The big question being debated at this morning’s session on financial reform legislation and the proposed Consumer Financial Protection Agency/Bureau: how will the legislation impact the FTC’s authority, both in terms of rulemaking and imposition of civil penalties?

In December 2009, the House passed the “Wall Street Reform and Consumer Protection Act of 2009” (HR 4173). An important provision in the bill would strip the FTC of its powers to regulate consumer financial protection -- while also expanding the agency’s powers in two key ways. First, by giving the FTC “APA” rulemaking authority for areas that fall within the FTC’s jurisdiction and second, by giving the agency greater latitude to assess civil penalties for unfair and deceptive practices.

These amendments will surely impact FTC enforcement of online advertising, marketing, privacy, and data security. For instance, violations under the FTC’s expanded authority could trigger civil penalties even in the absence of an FTC order. Civil penalties would be assessed in antitrust cases brought by the FTC that include a consumer protection claim.

In addition, the HR 4173 language that expands the FTC’s authority would impose liability on companies that “substantially assist” in an unlawful act, even if the company does not have direct knowledge or responsibility for the violation. This provision will probably raise some serious concerns for companies currently enjoying a safe harbor under the Communications Decency Act.

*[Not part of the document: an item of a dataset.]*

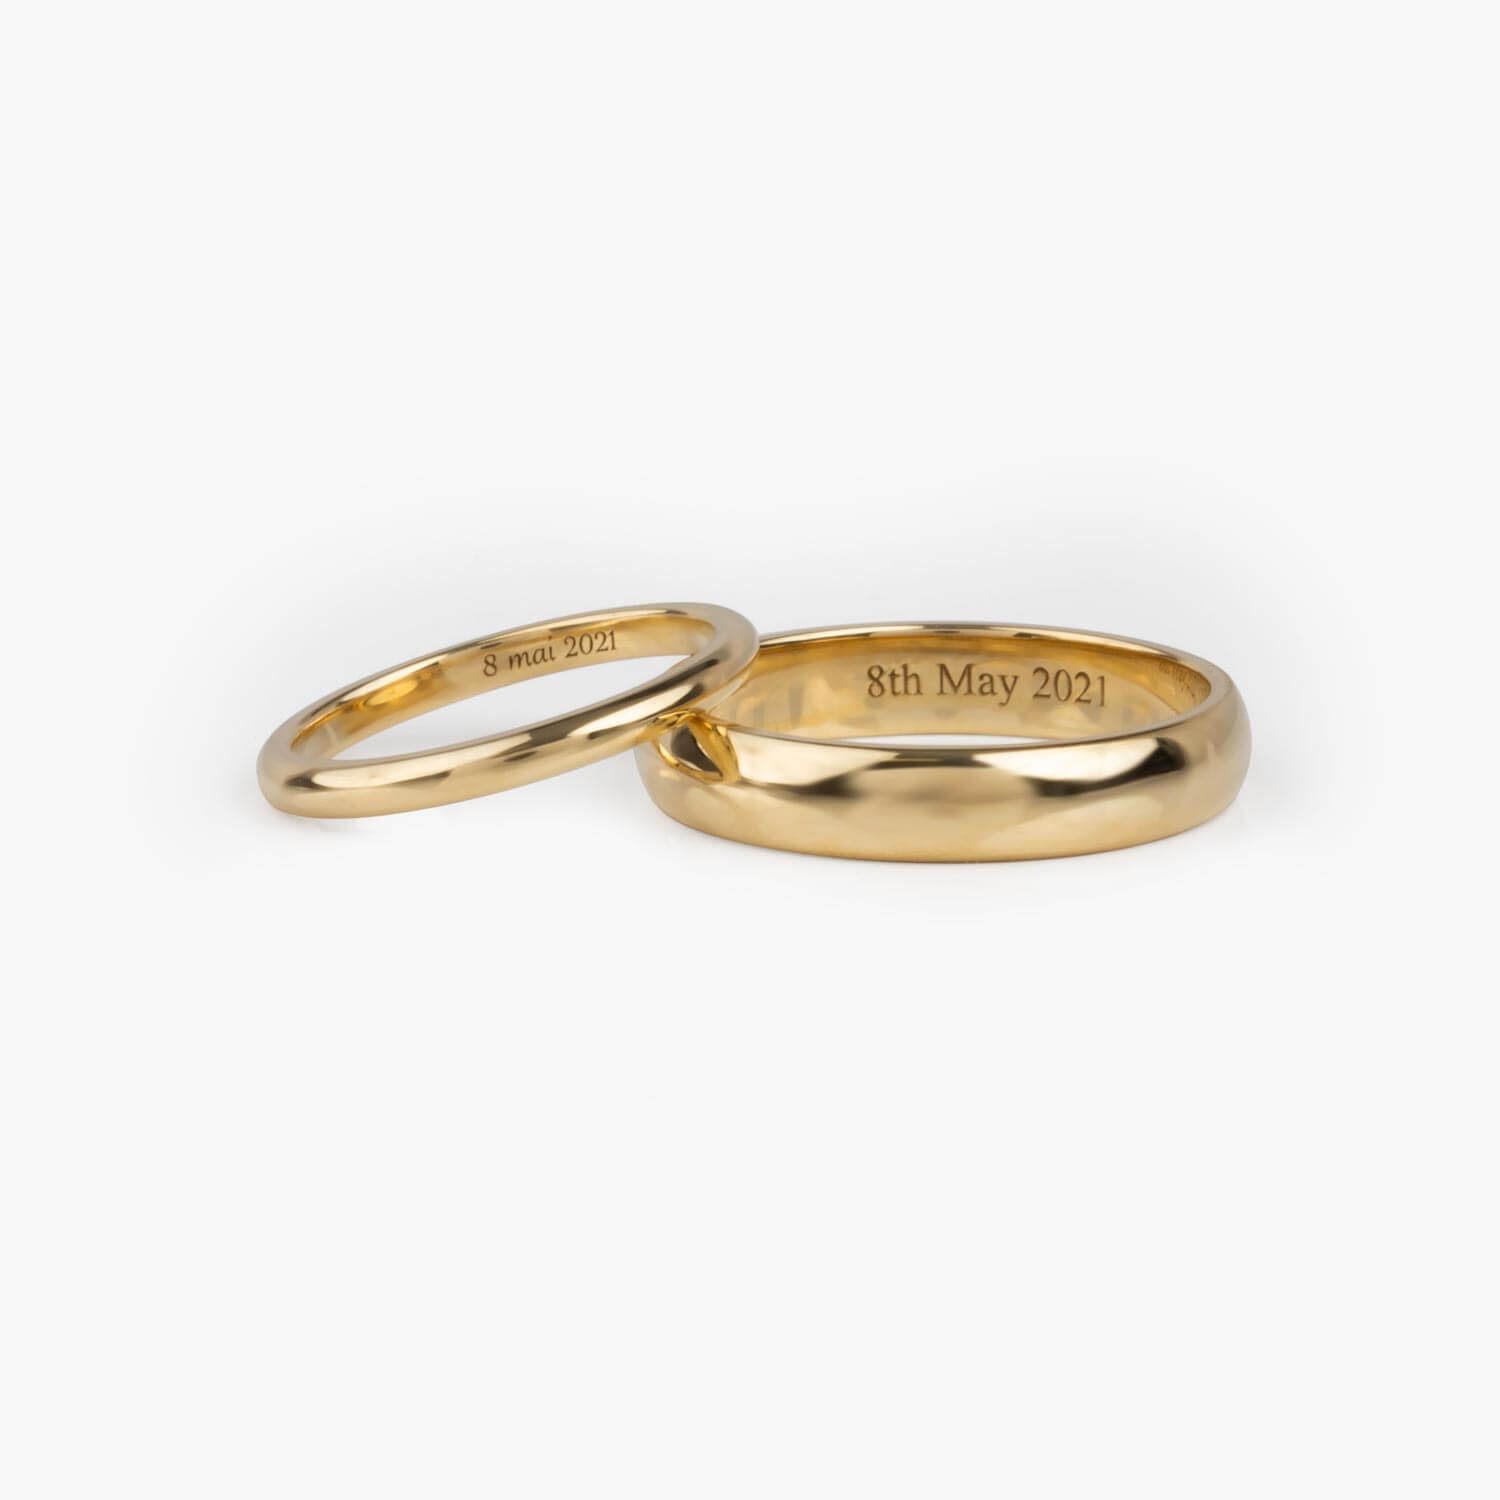 Gold laser engraved wedding rings

Today, FTC rulemaking jurisdiction comes in two flavors – “APA” rulemaking under certain laws as prescribed by Congress e.g. the Children’s Online Privacy Protection Act, as well as general rulemaking authority under the 1975 Magnusson-Moss Act. Under the latter, the FTC can only regulate “prevalent” unfair and deceptive acts, and must justify that regulation with “substantial evidence.” The key difference between these two types of rulemaking occurs during judicial review; a court can overturn an FTC regulation under Magnusson-Moss if the rule lacks a substantial evidentiary record to support it. In contrast, FTC regulations enacted under the APA rulemaking scheme, such as those implementing COPPA, can only be overturned if the agency was "arbitrary or capricious" in enacting the rule – a much higher standard. As former FTC Chairman Muris explained in his presentation at the panel, Magnusson-Moss gives the FTC authority to act only when a problem occurs often enough to justify a rule, or when a problem has a common cause in a sufficient number of cases.

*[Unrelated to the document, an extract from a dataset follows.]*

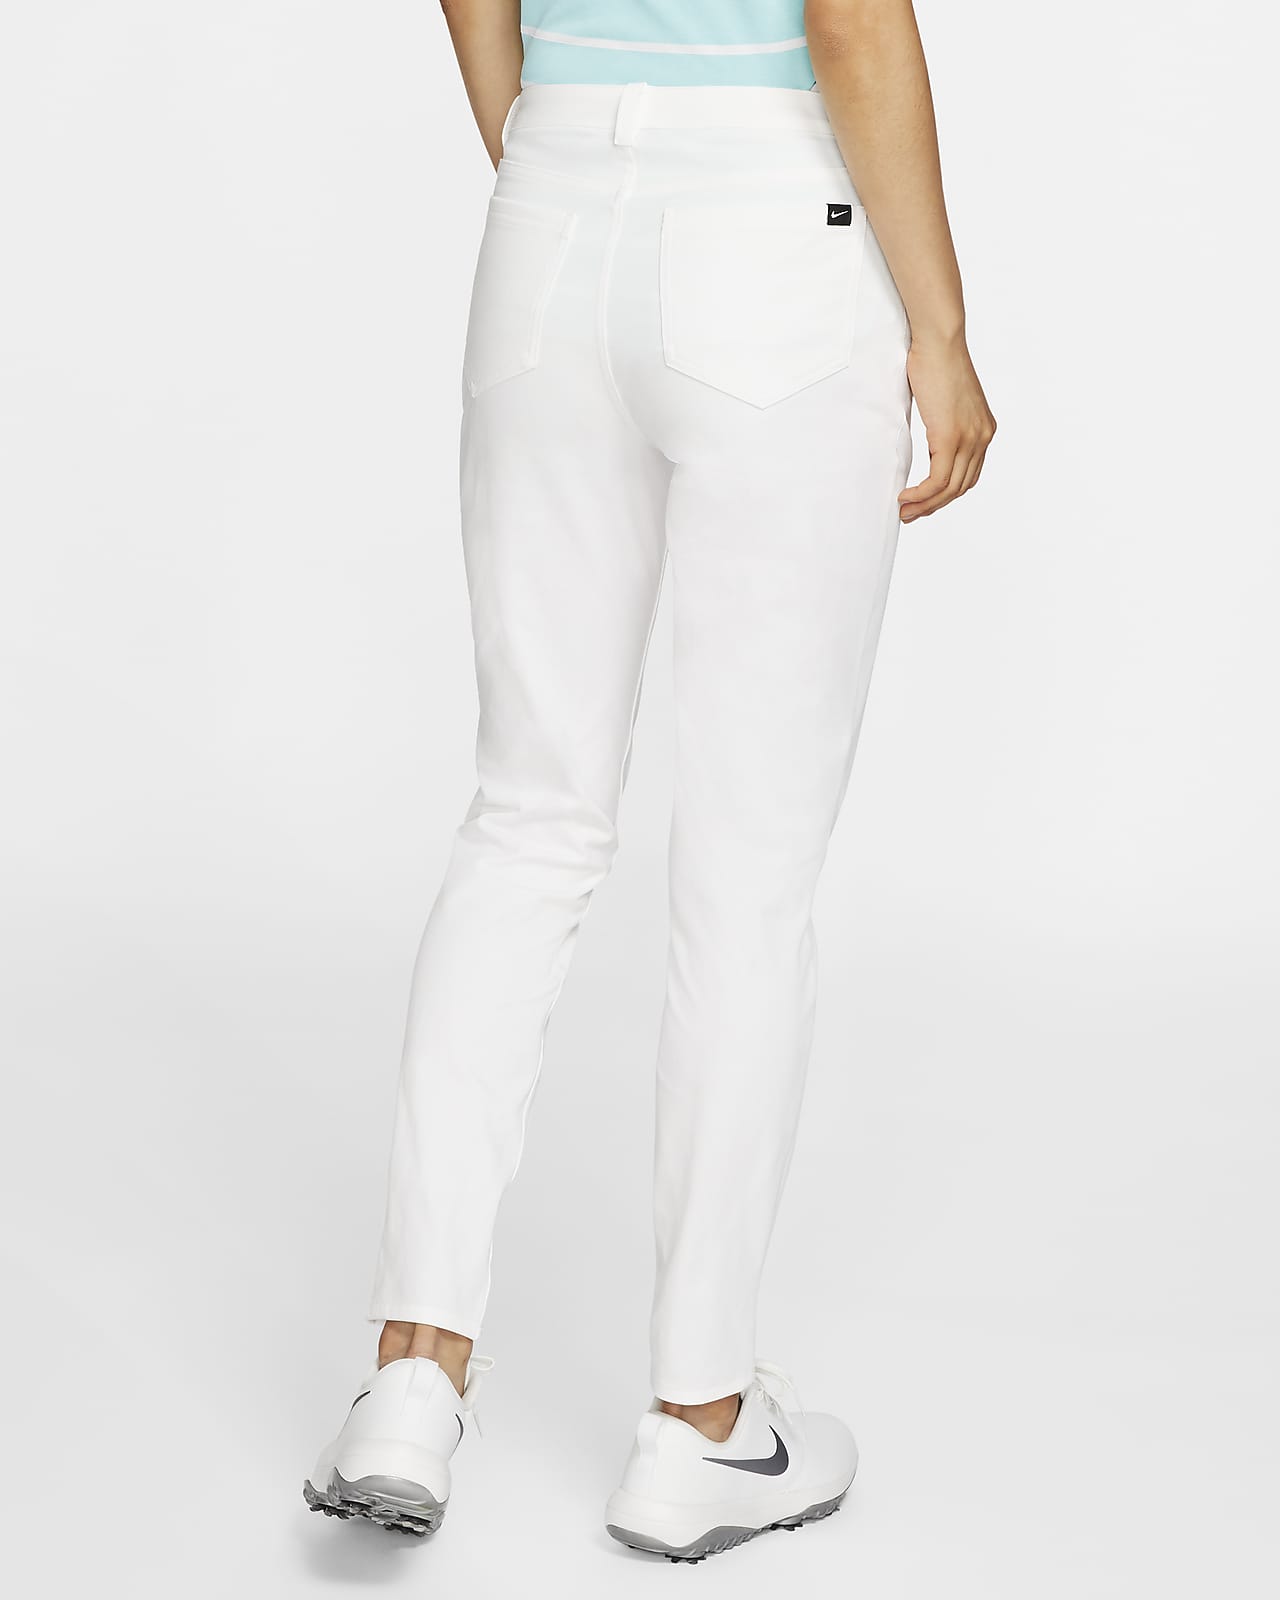 Nike Women's Dri-Fit Flex White Golf Pants Size 4 NWT New $90

Current FTC Chairman Jon Leibowitz, supported by President Obama and the Administration, has strongly advocated for an expansion in the FTC’s authority, stating that it is “critical” for the FTC to carry out its mission of protecting consumers. In particular, Leibowitz has argued that the procedural requirements of Magnusson-Moss – such as the requirement that a practice be prevalent before the agency can act - makes FTC rulemaking more burdensome than at most other federal agencies. Although the relevant amendments expanding the FTC’s power are missing from the Senate version of the legislation, it is widely expected that these differences will be worked out in conference. Financial reform legislation appears to be on a fast track - earlier today, a Senate panel approved the bill, and both Republicans and Democrats have indicated that passage is likely.

The CFPA would be a new independent federal agency – the composition of which would vary depending on whether you are looking at the House Bill (5 members and a Director for two years) or Senate Bill (5 members). Its enactment would strip the FTC and other federal banking agencies of their federal consumer protection powers under a number of laws, including the Electronic Funds Transfer Act, the Equal Credit Opportunity Act, the Fair Credit Reporting Act, the Fair Debt Collection Practices Act, the Home Mortgage Disclosure Act, the Real Estate Settlement Procedures Act, the Secure and Fair Enforcement for Mortgage Licensing Act, the Truth in Lending Act and the Truth in Savings Act. In short, any product or service that results from or is related to engaging in a financial activity and that is to be used by a consumer “primarily for personal, family or household purposes” will come under the new agency’s purview.

At today’s session, we saw differing viewpoints from both Tim Muris, former FTC Chairman, and Julie Brill, incoming FTC Commissioner, on this current push to expand the FTC’s authority under financial reform legislation.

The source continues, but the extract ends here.